Directions: With the exception of the pictures, transcribe the entire listing exactly.

++++ Source data ++++

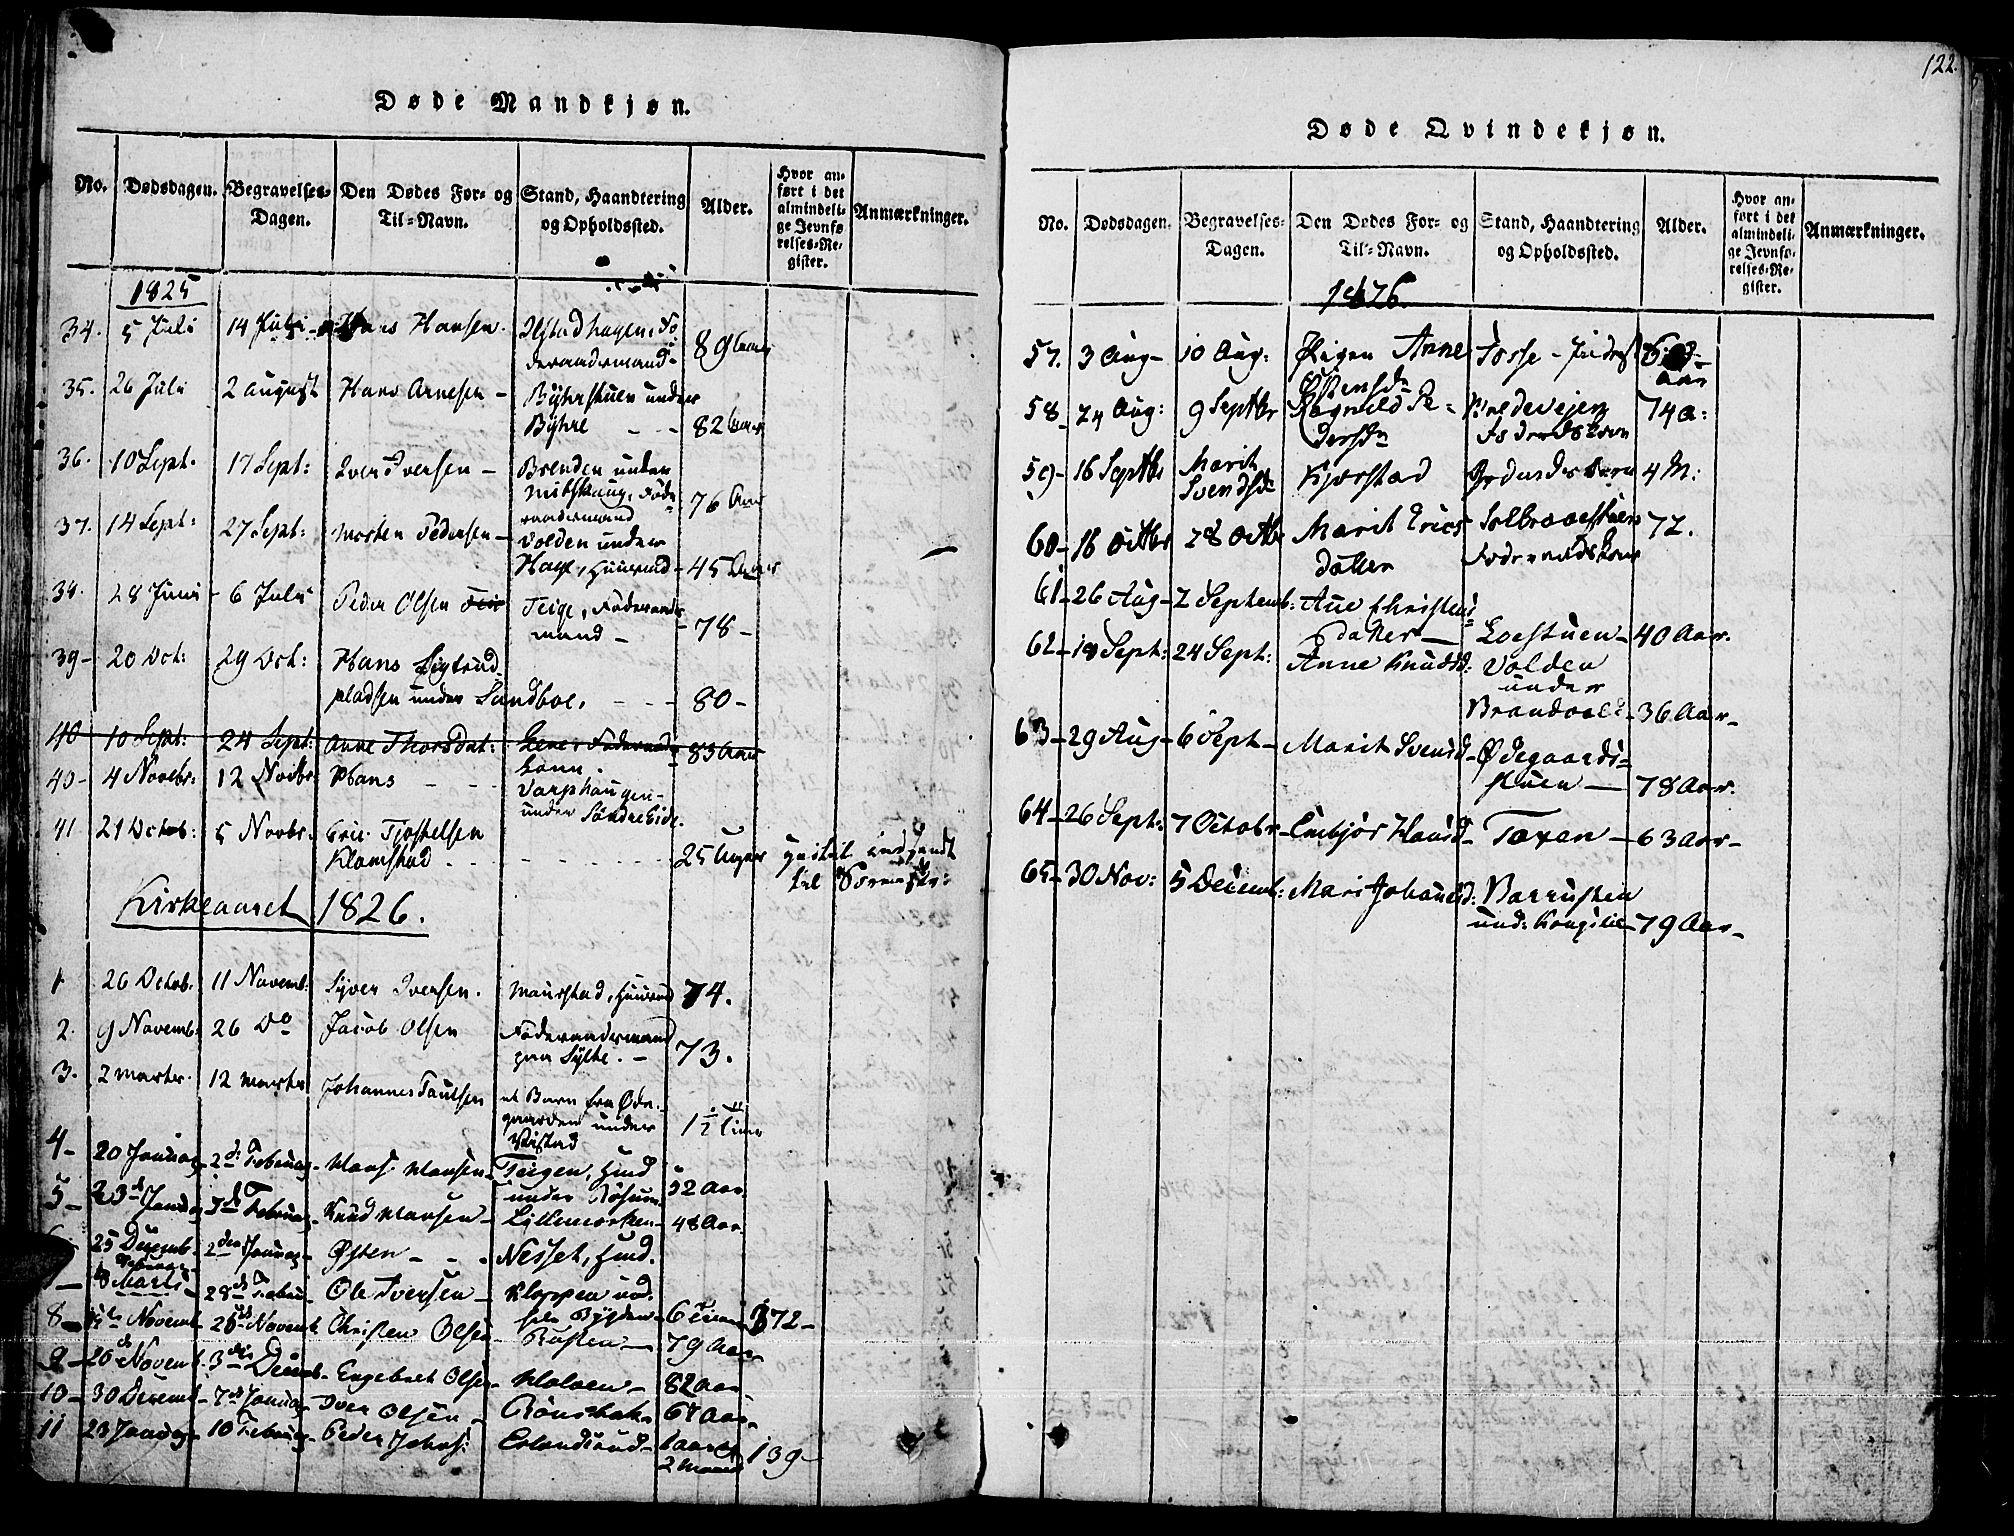 SAH, Fron prestekontor, H/Ha/Haa/L0002: Ministerialbok nr. 2, 1816-1827, s. 122
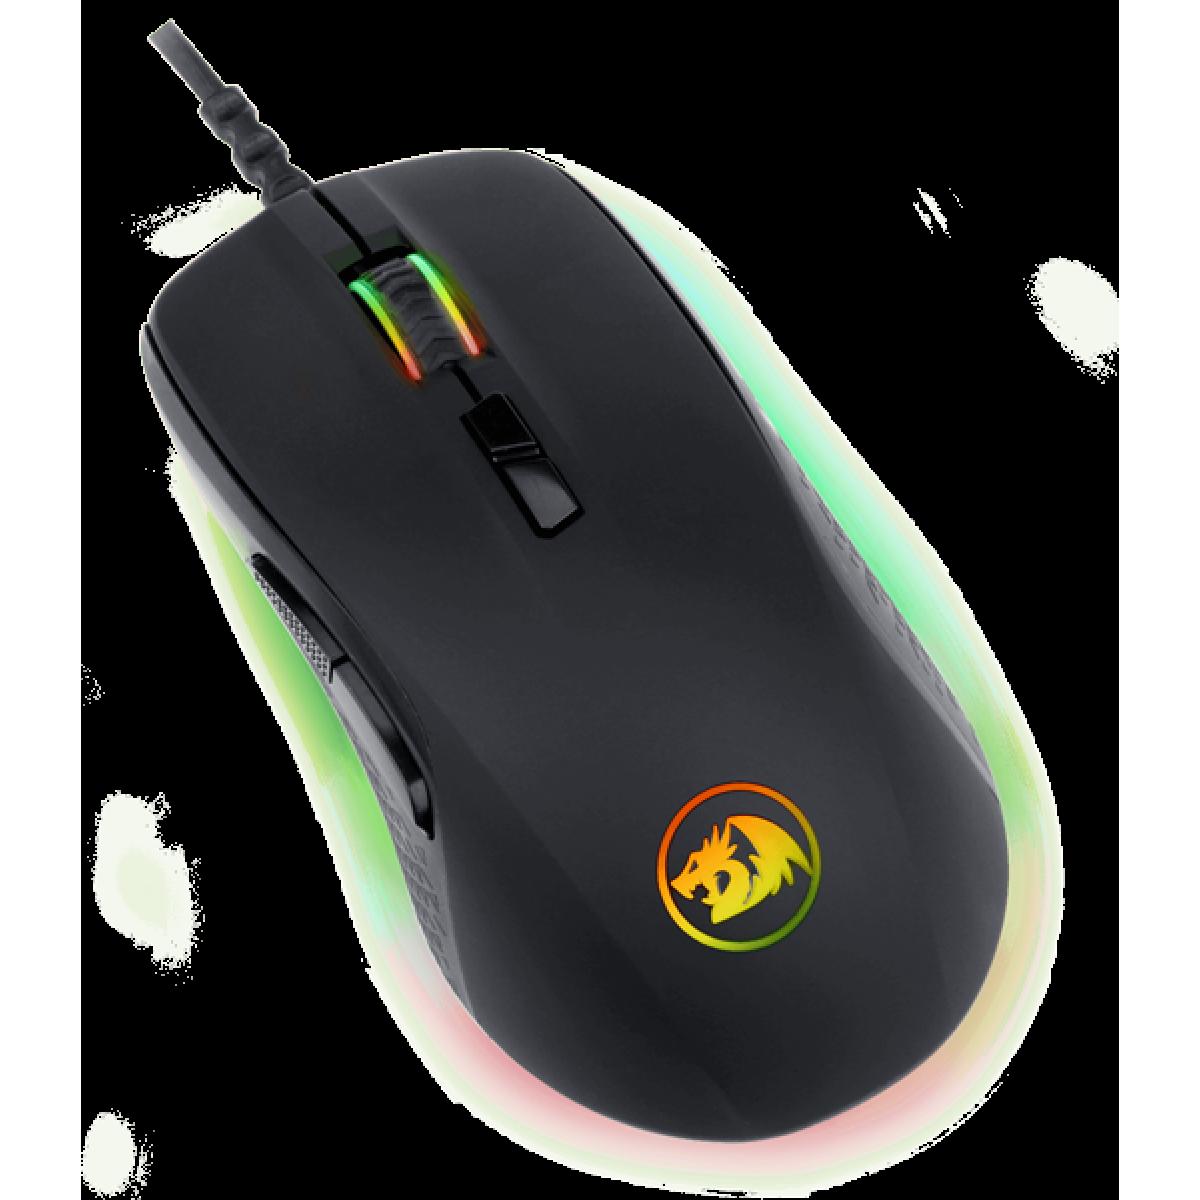 Mouse Gamer Redragon Stormrage M718 RGB, 10000 DPI, 7 Botões Programáveis, Black
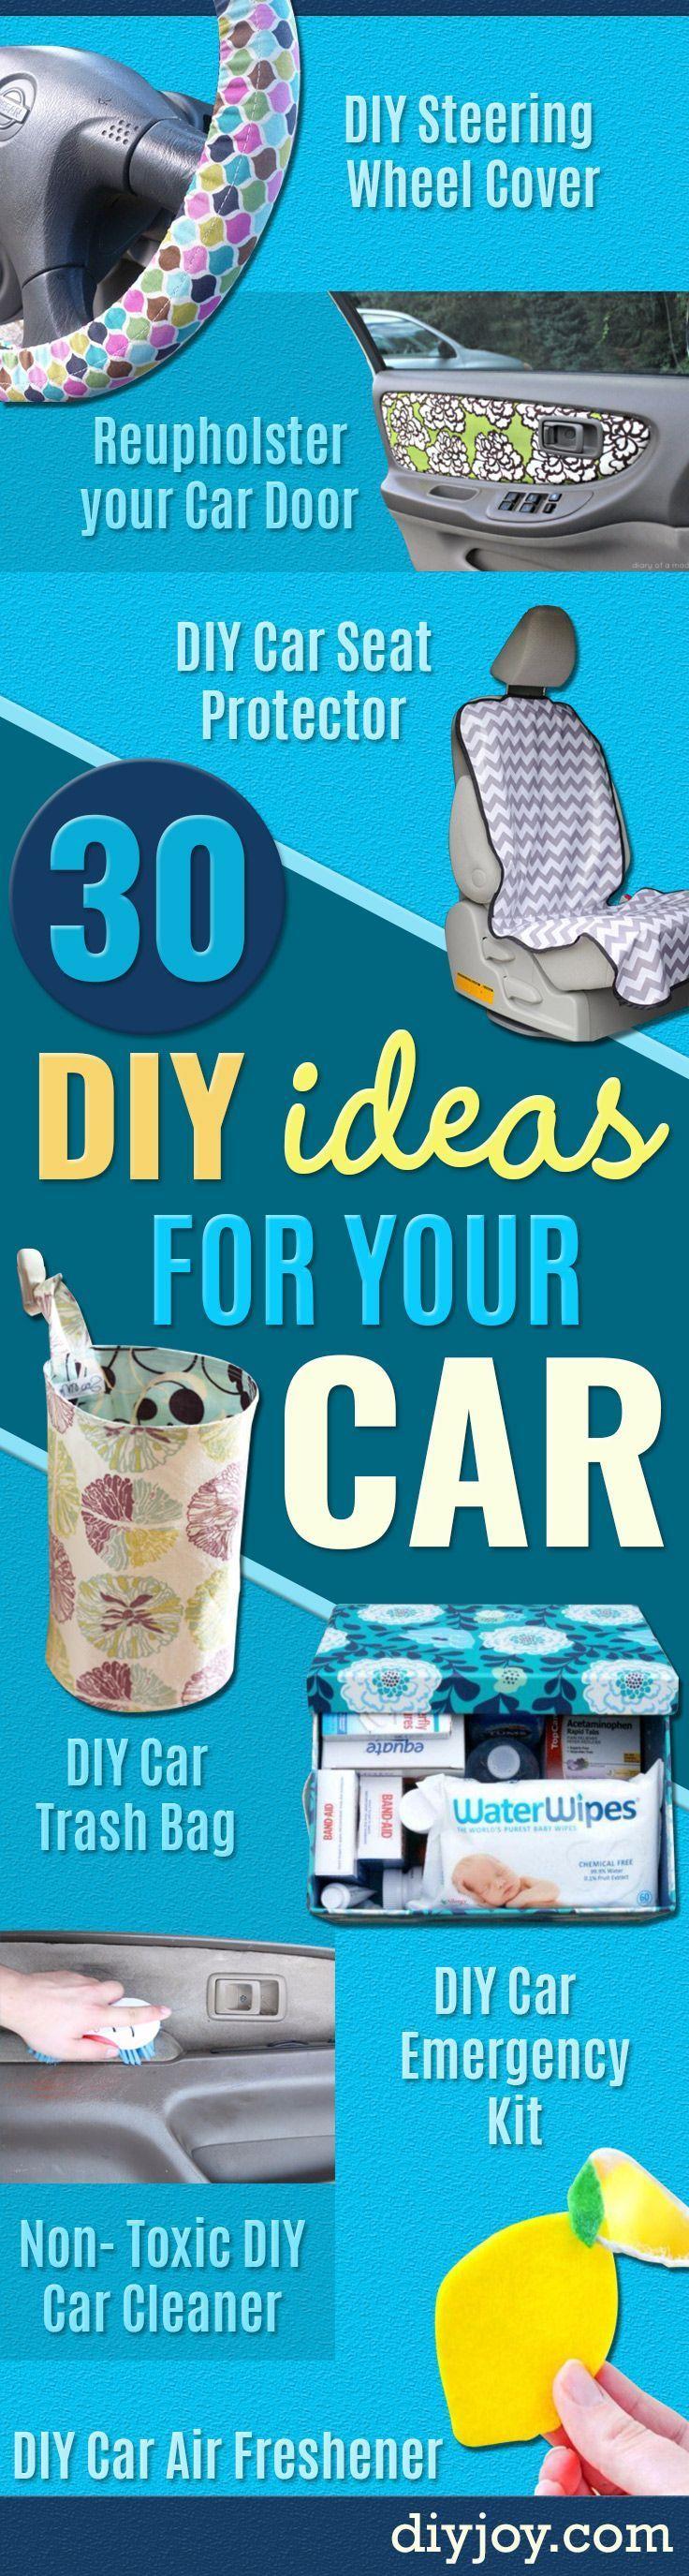 Best 25 Car Interior Decor Ideas On Pinterest Truck Interior Accessories Diy Interior Car

++++

Solution:
 SAH, Fron prestekontor, H/Ha/Haa/L0002: Ministerialbok nr. 2, 1816-1827, s. 122
 Mouse Gamer Redragon Stormrage M718 RGB, 10000 DPI, 7 Botões Programáveis, Black
 Best 25 Car Interior Decor Ideas On Pinterest Truck Interior Accessories Diy Interior Car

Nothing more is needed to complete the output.